Halter Geldings 6&Up 2nd O/F 4
Halter Color 2nd O/F 6
Halter Open 3rd O/F 6
Showmanship 18&Over 3rd out of 6 
Showmanship Open 2nd out of 6
English Pleasure 18&Up w/t 3rd out of 6
English Pleasure Open 3rd out of 5
English EQ Open w/t 1st out of 5
English EQ 18&Up 1st out of 5
English EQ Open 1st out of 6
Hunter Hack 1st out of 2 
Hunters 2' 1st out of 3
Hunters 2'3" 1st out of 3 
(However those jumps were more like 2'6" because a lot of the horses were refusing the jumps but since I school 2'6" and 3' at home D didn't have much of a problem.

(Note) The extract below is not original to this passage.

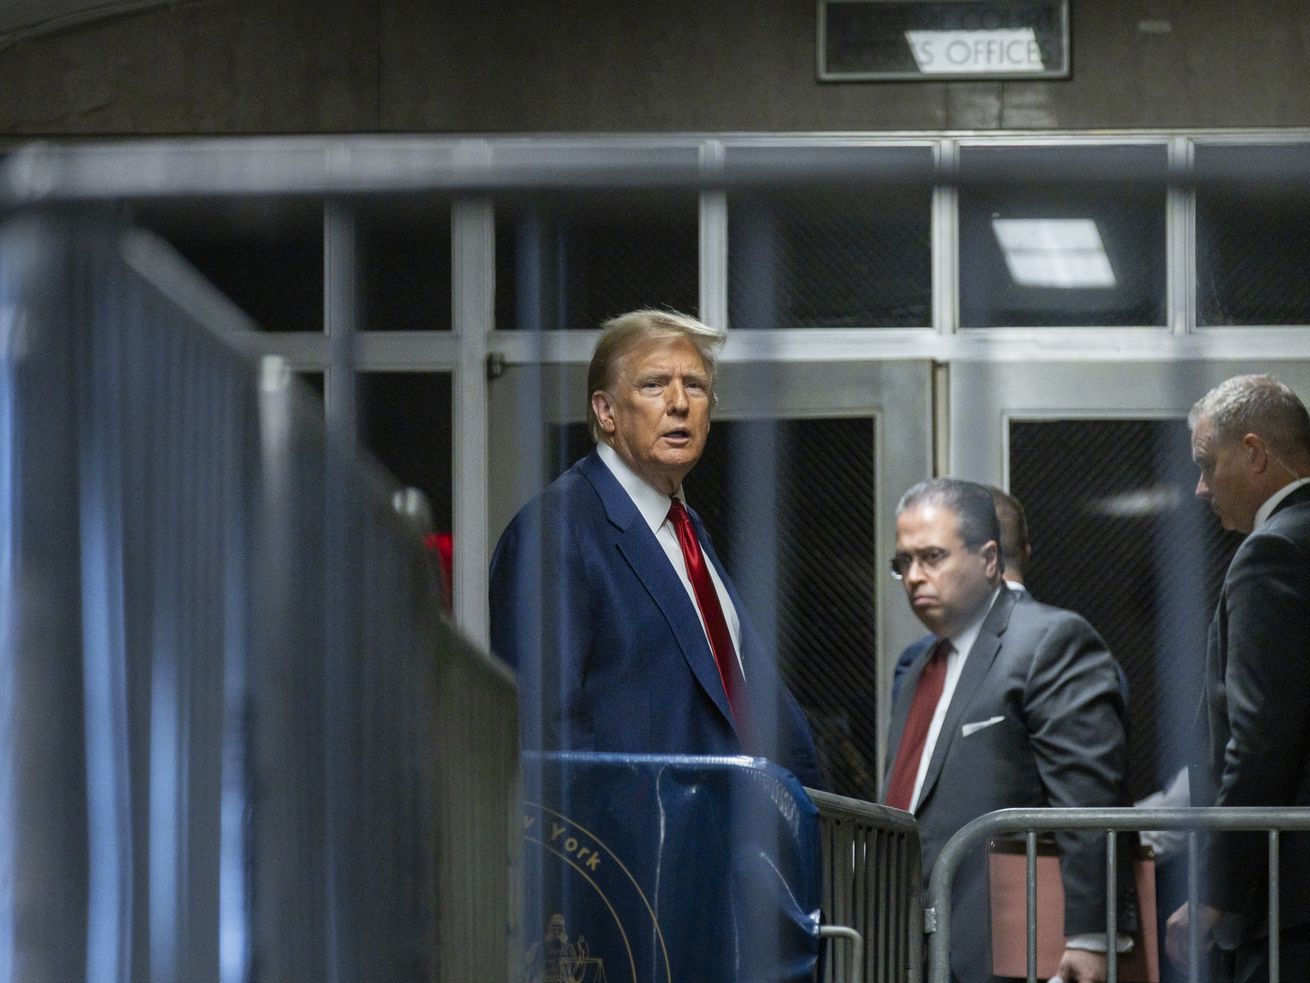 Donald Trump, in a navy suit and red tie, is seen from between barricade bars outside a New York court building, speaking to onlookers.

Hopfully I can get a good pic to show everyone.)

How my Niece Did:
English pleasure w/t 13&Under 3rd out of 4
English EQ W/T 13&Under 2nd out of 4 (youngest girl in the class at 9yrs old hahaha go Bailie!)

Just wanted to share the fun day!  I hope everyone else is having a safe and fun showseason!


----------



## Dartanion (Dec 8, 2008)

*Picture of Bailie in her EQ class*


9yr old Bailie in her 13&under EQ class.


----------



## anrz (Dec 21, 2008)

Wow- great job- you and your niece!


----------



## Dartanion (Dec 8, 2008)

anrz said:


> Wow- great job- you and your niece!


Thank you, We have to get my niece to relax at shows though because at home D goes along for her like a perfect little breed show horse LOL. Then at shows he hollows out (which he use to do with me when I did 14-17) so I am thinking we need to get her to warm up a little longer so she can really relax.


----------